Given w = 250 mm t = 20 mm.
\sigma_{t}=80 N / mm ^{2} \quad \tau=60 N / mm ^{2} \quad \sigma_{c}=120 N / mm ^{2} .
Step I Diameter of rivets
The diameter of the rivet is given by,
d=6 \sqrt{t}=6 \sqrt{20}=26.83 \quad \text { or } \quad 27 mm (i).
Step II Number of rivets
The shear resistance of one rivet in double shear is given by,
P_{s}=1.875\left[\frac{\pi}{4} d^{2} \tau\right] .
=1.875\left[\frac{\pi}{4}(27)^{2}(60)\right]=64412.47 N (a).
Crushing resistance of one rivet is given by,
P_{c}=d t \sigma_{c}=27(20)(120)=64800 N (b).
\text { From (a) and (b), } P_{s}<P_{c} .
Therefore, shear strength of the rivet is the criterion of design. It is assumed that rivets are so arranged that there is only one rivet in the outer row.

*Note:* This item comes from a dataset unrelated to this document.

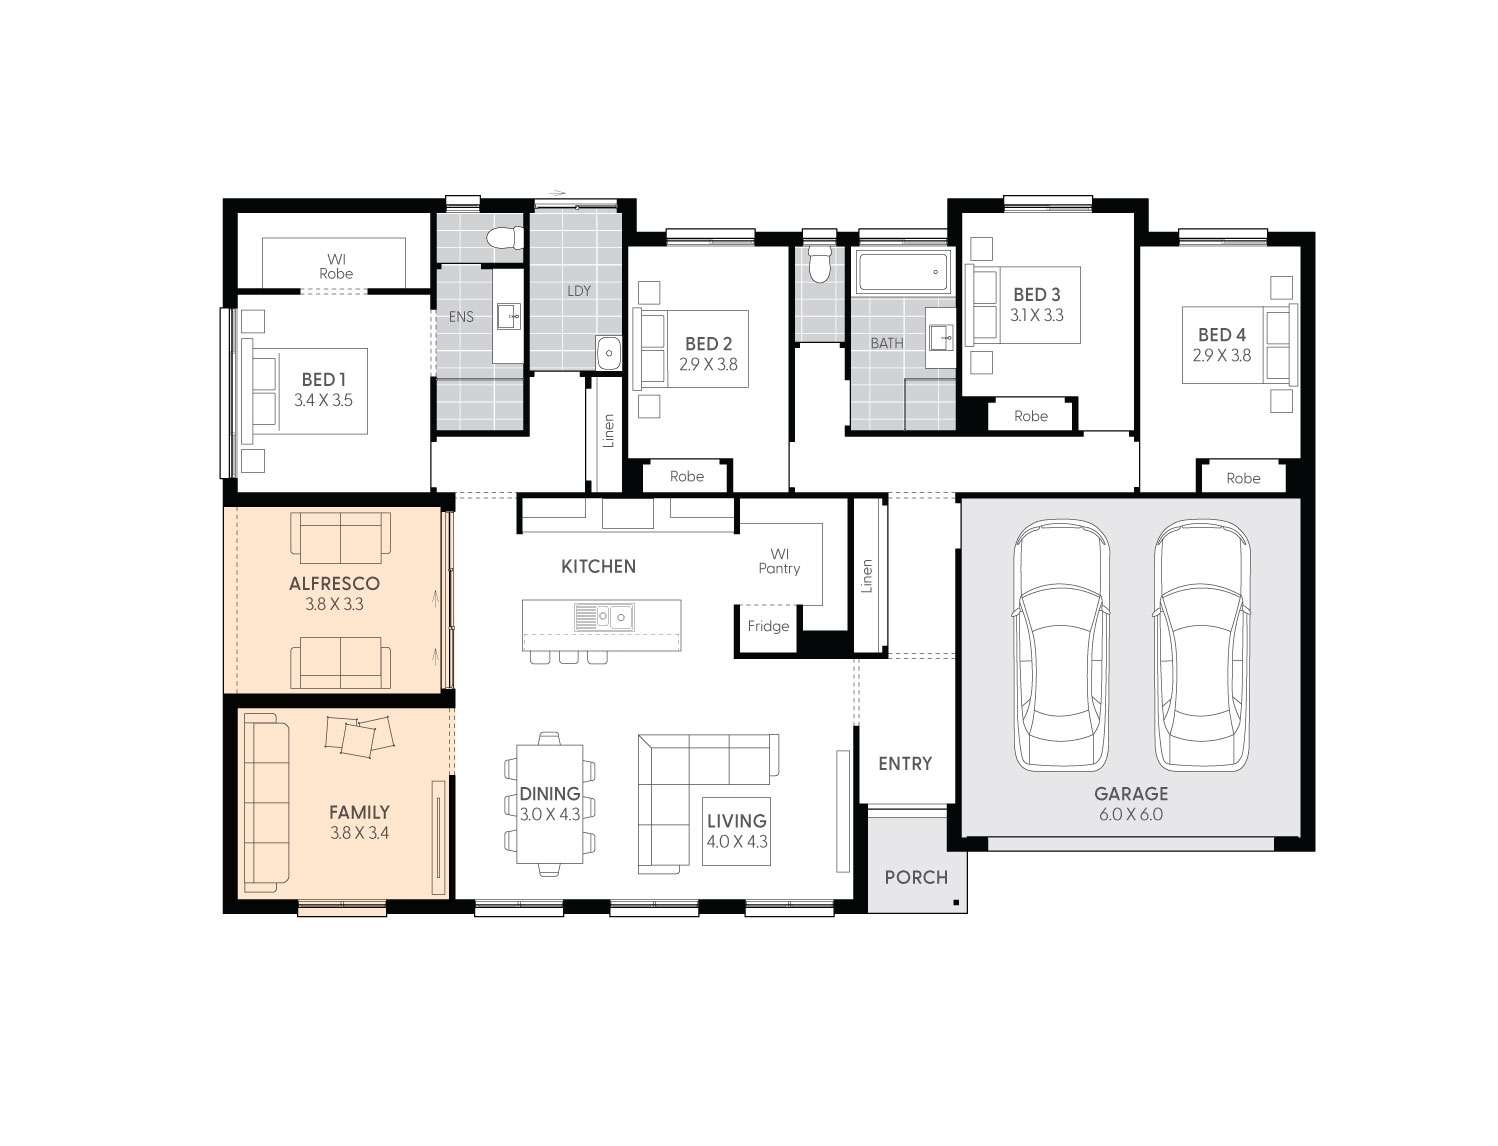 Cambridge25-floor-plan-FAMILY-AND-ALFRESCO-POSITION-SWAP-LHS_0.jpg 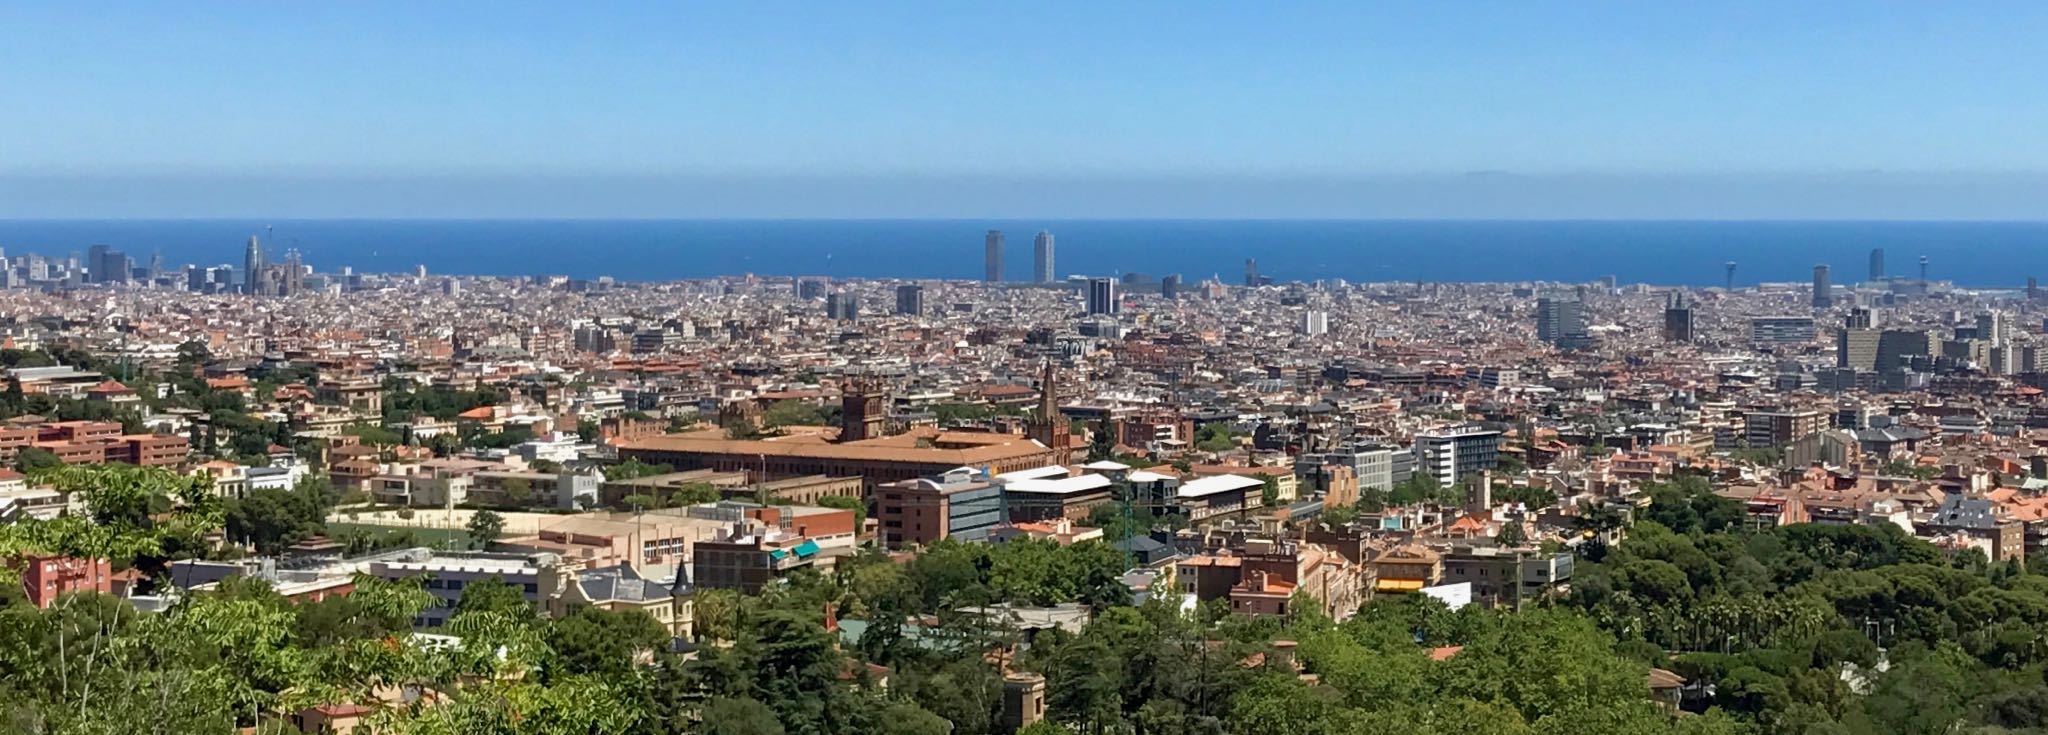 City of Barcelona

The tensile strength of the plate in the outer row is given by,
P_{t}=(w-d) t \sigma_{t}=(250-27)(20)(80) .
= 356 800 N (c)
Equating the strength of the plate with the shear strength of n rivets
356 800 = n (64 412.47)
∴ n = 5.54 or 6 rivets (ii).
Step III Arrangement of rivets
The arrangement of six rivets in three rows is illustrated in Fig. 8.61. This type of arrangement in diamond shape is called Lozenge joint. The dimensions given in the figure have the following numerical values,
m = 1.5d = 1.5 (27) = 40.5 or 45 mm
p_{t}=2 d=2(27)=54 \text { or } 55 mm .
t_{1}=0.625 t=0.625(20)=12.5 mm .
From the figure,
m + p + p + m = 250 or 45 + 2p + 45 = 250
∴ p = 80 mm.
Step IV Efficiency of joint
In order to calculate the efficiency of the joint, we will proceed from the outer row of rivets to the inner row and fi nd out the weakest cross-section of the joint. Let us consider the failure behaviour of three cross-sections denoted by AA, BB and CC.
(i) The joint can fracture along the section-AA without affecting the rivets in the middle and inner rows.
(ii) The joint cannot fracture along the section- BB without shearing one rivet in double shear. This is the rivet in the outer row.
(iii) The joint cannot fracture along the section- CC, without shearing three rivets in double shear. These are the rivets in outer and middle rows.
Based on these assumptions the strength of the joint along three sections is calculated.
Along the section-AA,
\text { strength }=(w-d) t \sigma_{t}=(250-27)(20)(80) .
356 800 N (a)
Along the section-BB,
\text { strength }=(w-2 d) t \sigma_{t}+1 \times P_{s} .
= (250 – 2 × 27) (20) (80) + 64 412.47
= 378 012.47 N (b).
Along the section-CC,
\text { strength }=(w-3 d) t \sigma_{t}+3 \times P_{s} .
= (250 – 3 × 27)(20)(80)
+ 3 × 64 412.47
= 463 637.41 N (c).
\text { Shear resistance of all rivets }=6 \times P_{s} .
= 6 × 64 412.47 = 386 474.8 N (d)
From (a), (b), (c), and (d), the lowest strength of the joint is along the section-AA.
\text { Strength of solid plate }=w t \sigma_{t}=250(20)(80) .
= 400 000 N
Therefore
\eta=\frac{356800}{400000}=0.892 \quad \text { or } \quad 89.2 \% (iv).